Researchers say the map could be magnetic, like sea turtles, while the compass could be guided by the stars, olfactory (smell) cues, or by polarised sunlight – all of which have been shown to be used by reptiles.

“Other snakes likely do share this ability with pythons. But our understanding is limited by a dearth of research on the subject,” Ms Pittman told BBC News.

Some previous studies found that smaller snakes – sea kraits and garter snakes – can home over short distances, but not large constrictors.

“I’m impressed, but I’m not surprised – this verifies what many of us in the field have been seeing for years,” said Dr Stephen Secor of the University of Alabama, who researches Burmese python physiology.

“Reptiles know where they’re going – it’s not just random. They’re familiar with their home range.

“And I suspect that, if pythons can do this, all snakes can do it – rattlesnakes, vipers, the lot.”

Dr Stephen Secor says the pythons are actually gentle, docile creatures

Keeping in familiar territory may help snakes to find prey and mates, and the homing sense may allow them to return to their territory after exploratory forays, Ms Pittman said.

“We know that snakes tend to come back to some of the same sites throughout their lives – such as overwintering locations or refuges,” she told BBC News.

Understanding how invasive pythons migrate could help control their spread in Florida, she suggested.

But Dr Secor said the threat to the Everglades had been overstated: “Some people want to sell it as an ecological disaster. It’s really not.

“Burmese pythons can’t ever move beyond the Everglades. It’s too cold. The minute it freezes, it kills them,” he told BBC News.

“They’re actually very docile, gentle snakes. People who don’t like them don’t know a lot about them. They’re pretty amazing animals and we can learn a lot from them.”

And the first lesson we can learn from their homing ability, said Dr Secor, is “don’t pick reptiles up”.

“People see turtles crossing the road and try to move them to safety. But if you take them away, they’re just going to try and come back. You are doing more harm than good.
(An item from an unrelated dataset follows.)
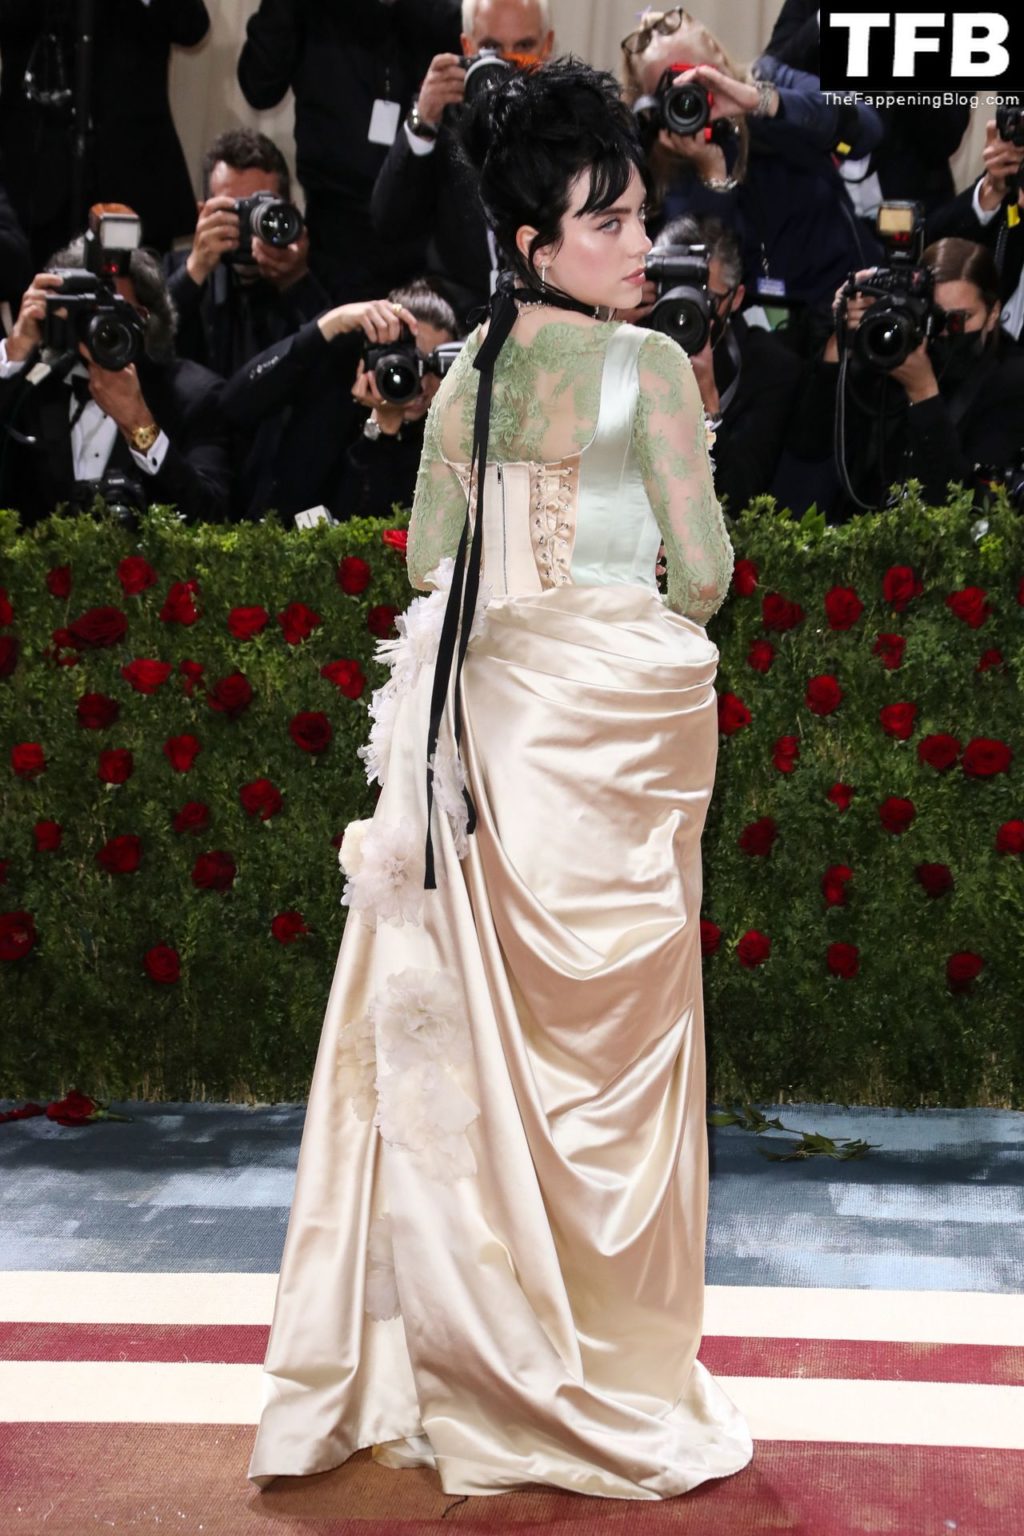 Billie Eilish Sexy The Fappening Blog 141 1024x1536 - Billie Eilish Showcases Nice Cleavage at The 2022 Met Gala in NYC (155 Photos)

“Likewise with snakes – people find them in their yard, drive them off and dump them a mile down road. Then, three days later, the snake comes back.

“I hear these stories frequently: ‘It came back! The same snake!’ And I’m always kind of sceptical. Is it really the same snake? Or just another one that looks similar?

“But maybe these people were right all along. The snake really did come back.”